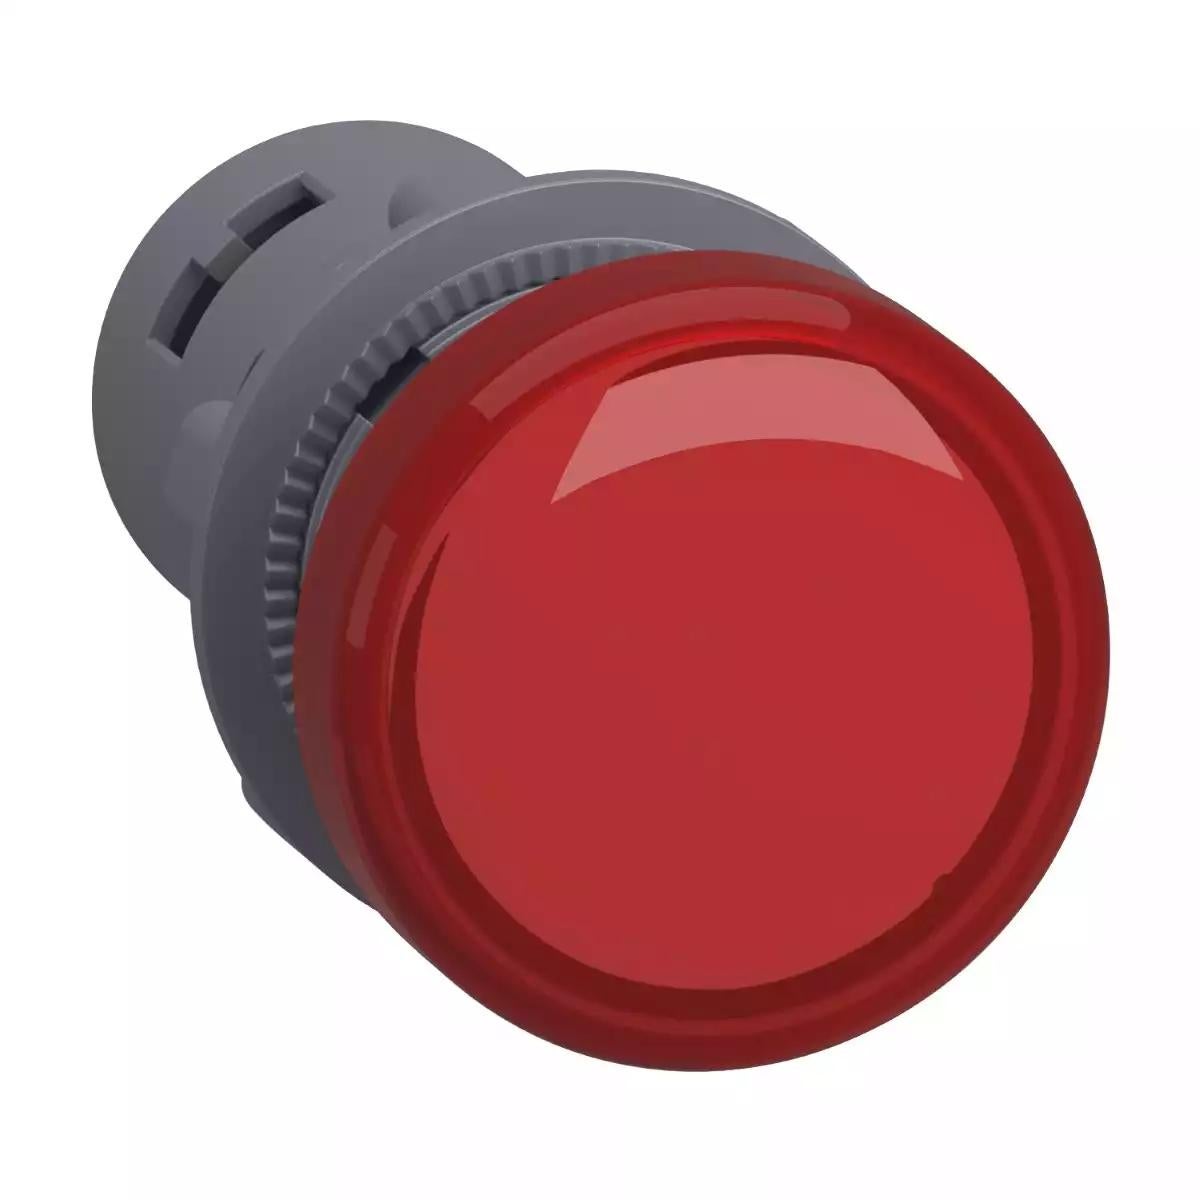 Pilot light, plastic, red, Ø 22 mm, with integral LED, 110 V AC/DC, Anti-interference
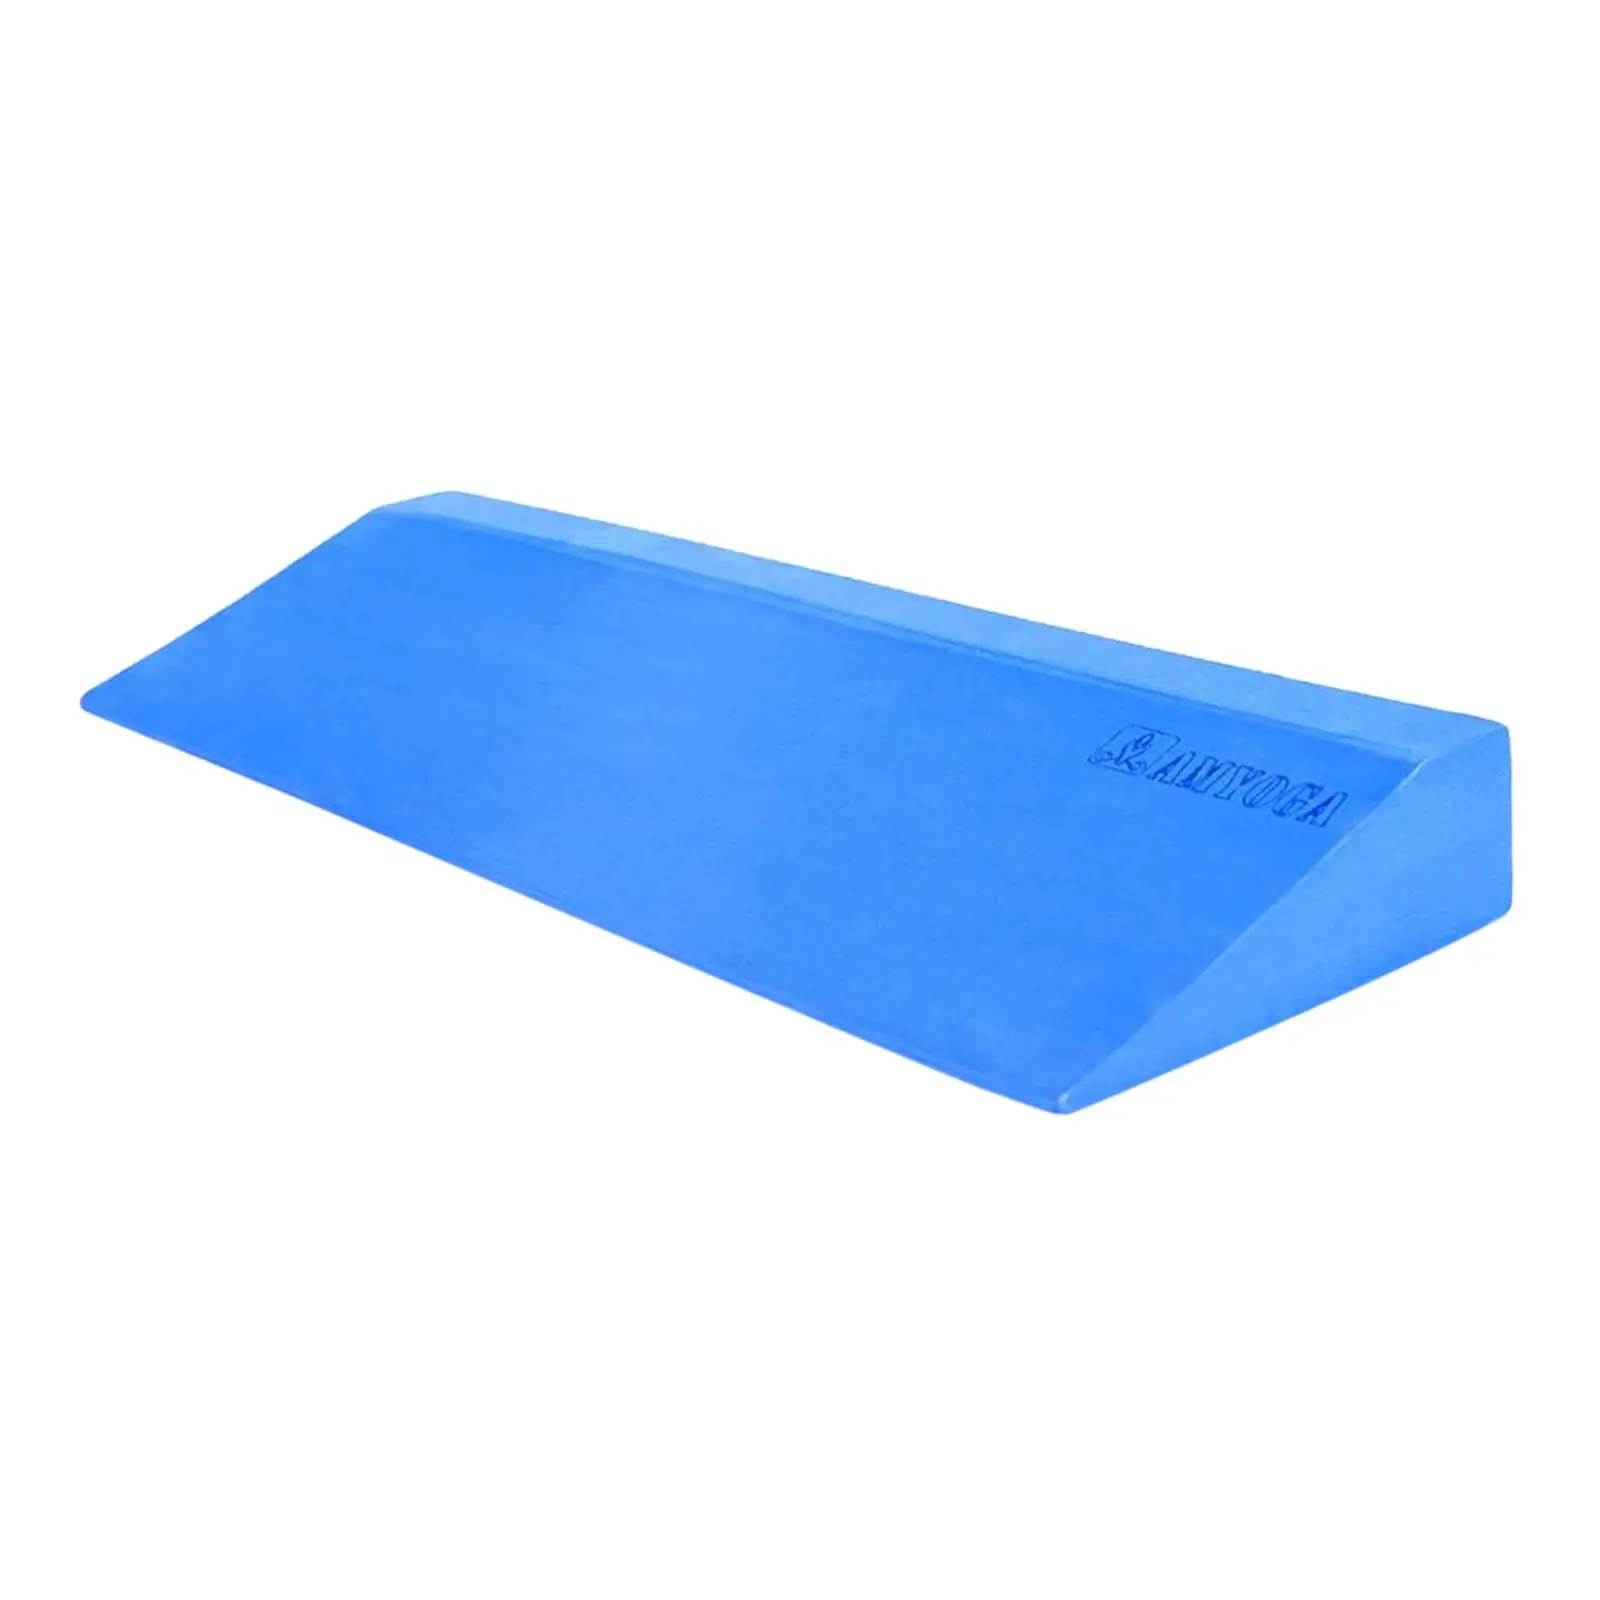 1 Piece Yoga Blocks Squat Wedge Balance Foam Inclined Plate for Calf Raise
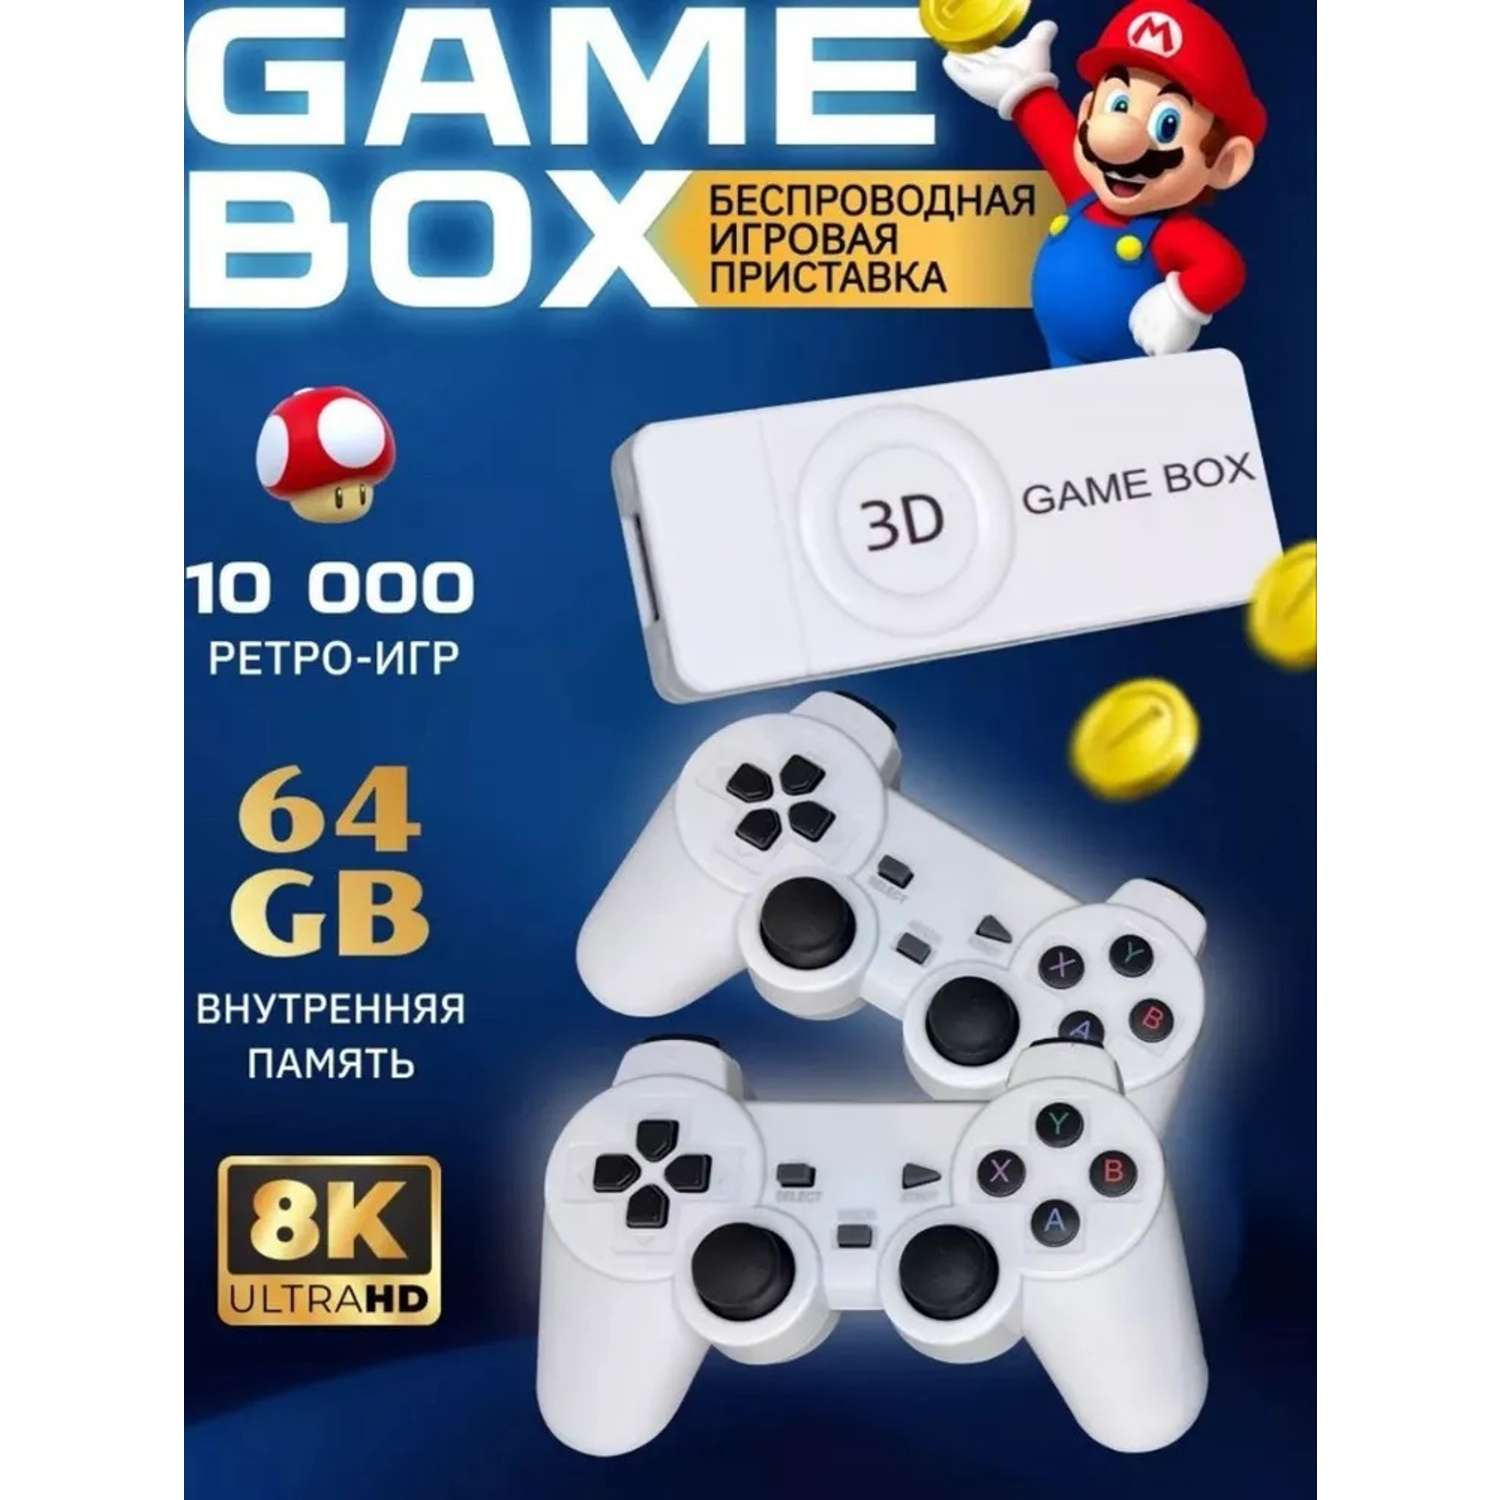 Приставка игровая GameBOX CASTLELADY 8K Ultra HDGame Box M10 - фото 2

- **TASK DETAILS**
Without including any picture, output all the material exactly as it appears.

- **YOUR SOLUTION**
 Pilot light, plastic, red, Ø 22 mm, with integral LED, 110 V AC/DC, Anti-interference
 1 Piece Yoga Blocks Squat Wedge Balance Foam Inclined Plate for Calf Raise
 Приставка игровая GameBOX CASTLELADY 8K Ultra HDGame Box M10 - фото 2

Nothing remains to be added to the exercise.